Degradome sequencing (degradome-seq) is a high-throughput strategy for detection of the degraded RNA intermediates. It is worth mentioning that the degradome-seq libraries include poly(A)-tailed remnants generated during DCL-mediated processing of the sRNA precusors33,34. Thus, we could find evidences from the degradome-seq data to support the processing of the phased nat-siRNA duplexes by DCLs. If users have degradome-seq data (see user manual in Data S1 for the required format of the HTS data), NATpipe could perform strand-specific mapping of the degradome signatures onto the NATs with phased nat-siRNA loci. Only the perfectly matched signatures will be retained.
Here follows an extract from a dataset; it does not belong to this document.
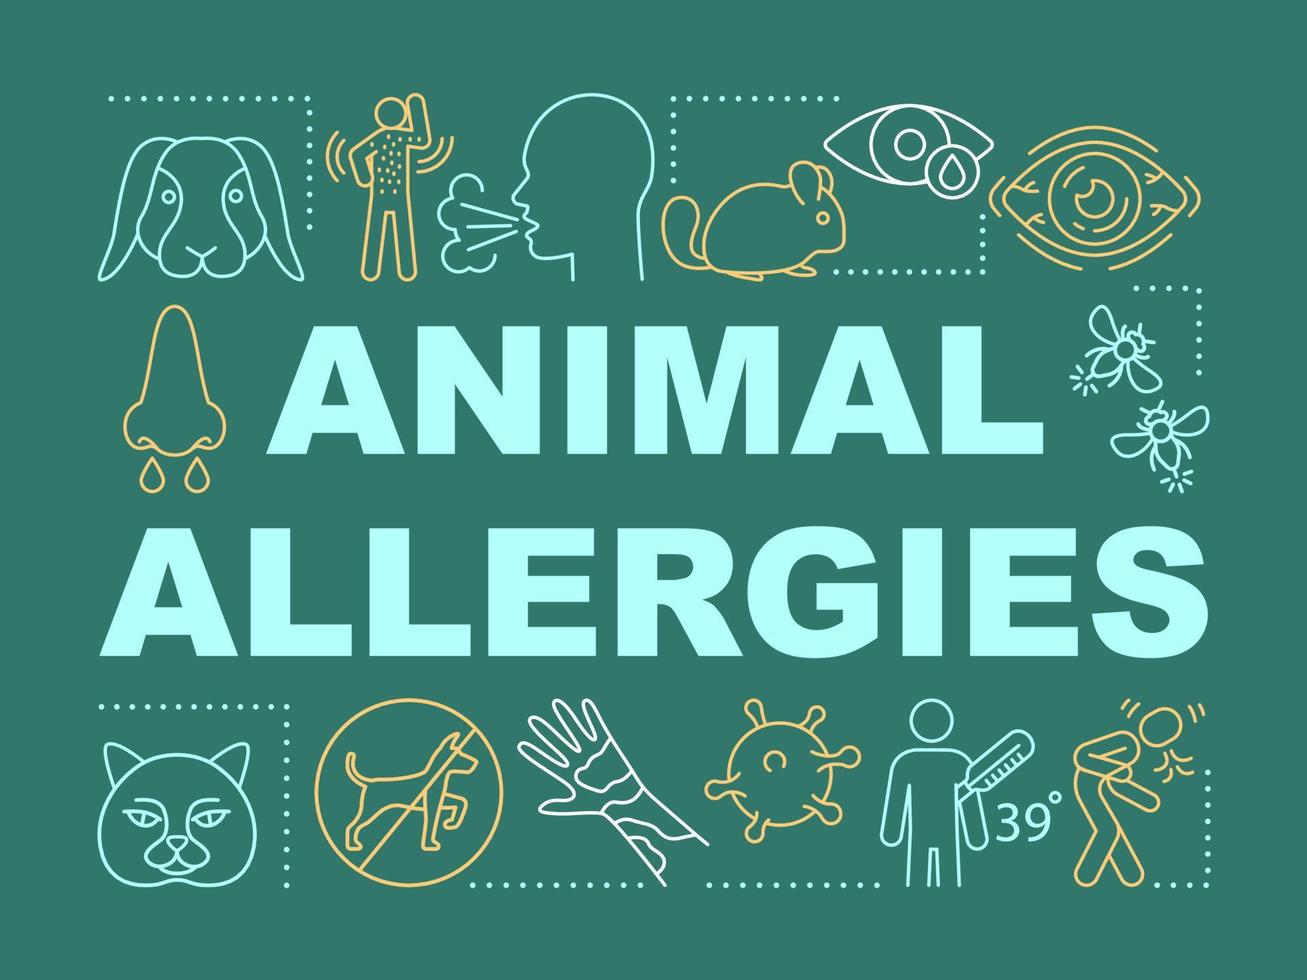 Animal allergies word concepts banner. Allergic reaction to insect stings, pets fur, saliva, dander. Presentation, website. Isolated lettering typography idea with icons. Vector outline illustration

The degradome signatures with their 5′ ends mapped to the 5′ ends of the phased nat-siRNAs, or mapped to the nucleotides next to the 3′ ends of the last phased nat-siRNAs will be regarded as the evidences supporting specific nat-siRNA loci. However, one be noticed that most of the degradome-seq libraries were prepared from poly(A)-tailed RNAs, which could not be utilized for detecting the processing signals from the non-Pol II-transcribed transcripts.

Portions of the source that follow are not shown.